During your normal throwing routine, implementing this drill will help create direction towards your target. When I say direction, I’m not talking about squaring the hips off completely. I’m talking about allowing the torso to turn back against the hips just enough so you can create resistance between the two structures!
When we use this as an infield drill, this too helps create direction towards first base after the ball has been fielded. It teaches our athletes how to effectively change the orientation of their hips earlier, so they can be more consistent with their direction and ultimately their accuracy!

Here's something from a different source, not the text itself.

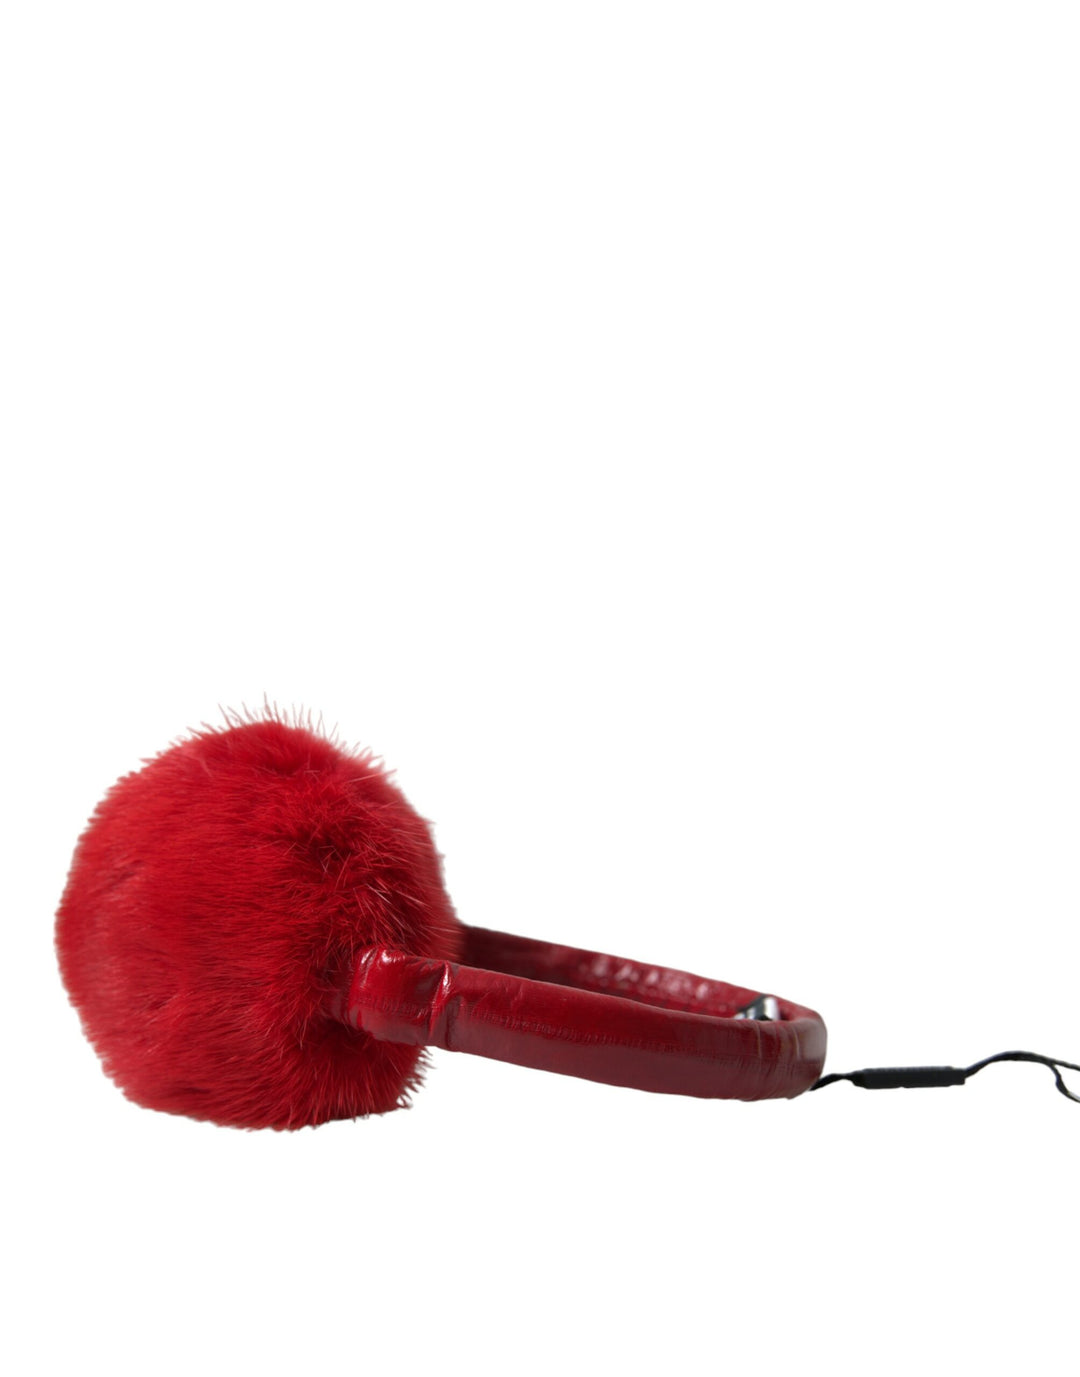 Dolce & Gabbana Red Mink Fur Winter Warmer Headband Ear Muffs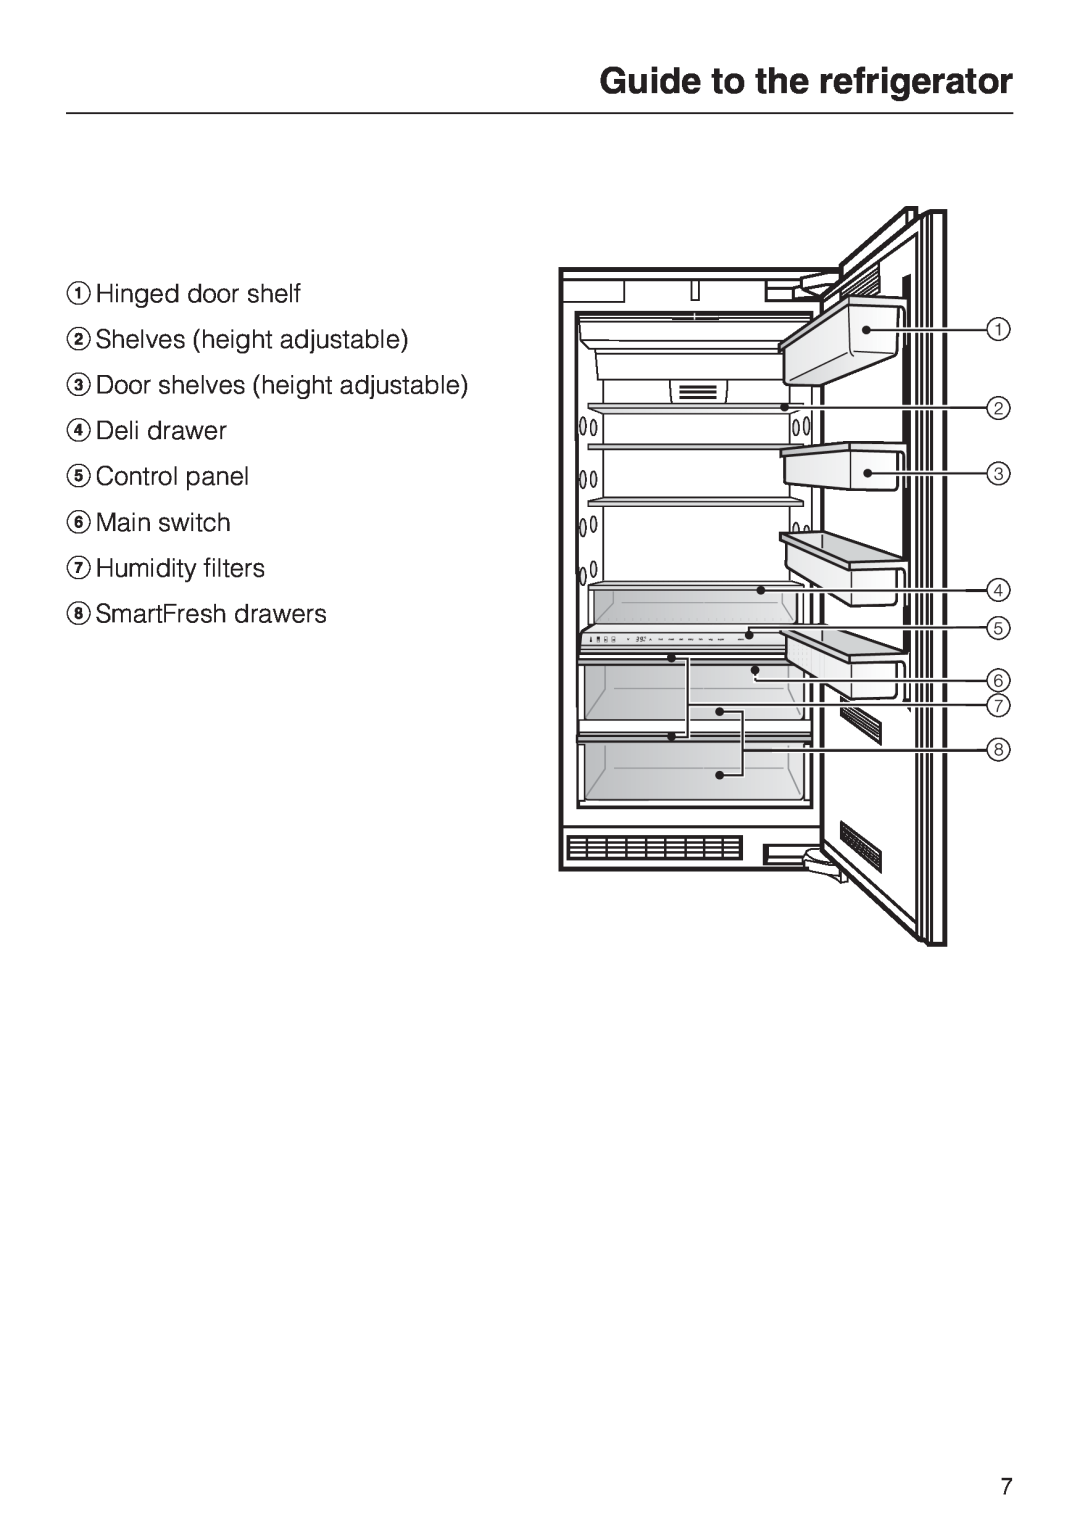 Miele K 1811 Vi, K 1911 Vi Guide to the refrigerator, Hinged door shelf Shelves height adjustable, SmartFresh drawers

What Is The Correct Infield Footwork?
The footwork for this drill starts with a Left step at an anlge, then a step behind with the Right. This step behind closes the hips and creates direction towards the target.
Then, the Left foot will step out towards the target to initiate the Right/Left Shuffle step. This shuffle step is basically your stride!
Let’s Recap. The entire breakdown is Left/Right (Right is behind)…Left/Right/Left.. Throw!
Double Shuffle Footwork Common Mistakes
The most common mistake you’ll see is an athlete crossing in front of the left leg, instead of behind for this particular play. This doesn’t create the best direction early, especially since we are talking about a ball taking you to your left, possibly up the middle.
Now, it’s not to say that an athlete can’t cross in front of the left leg after fielding the ball, because I have seen that as well, BUT, I’ve seen more overall inconsistent throws when using this type of footwork.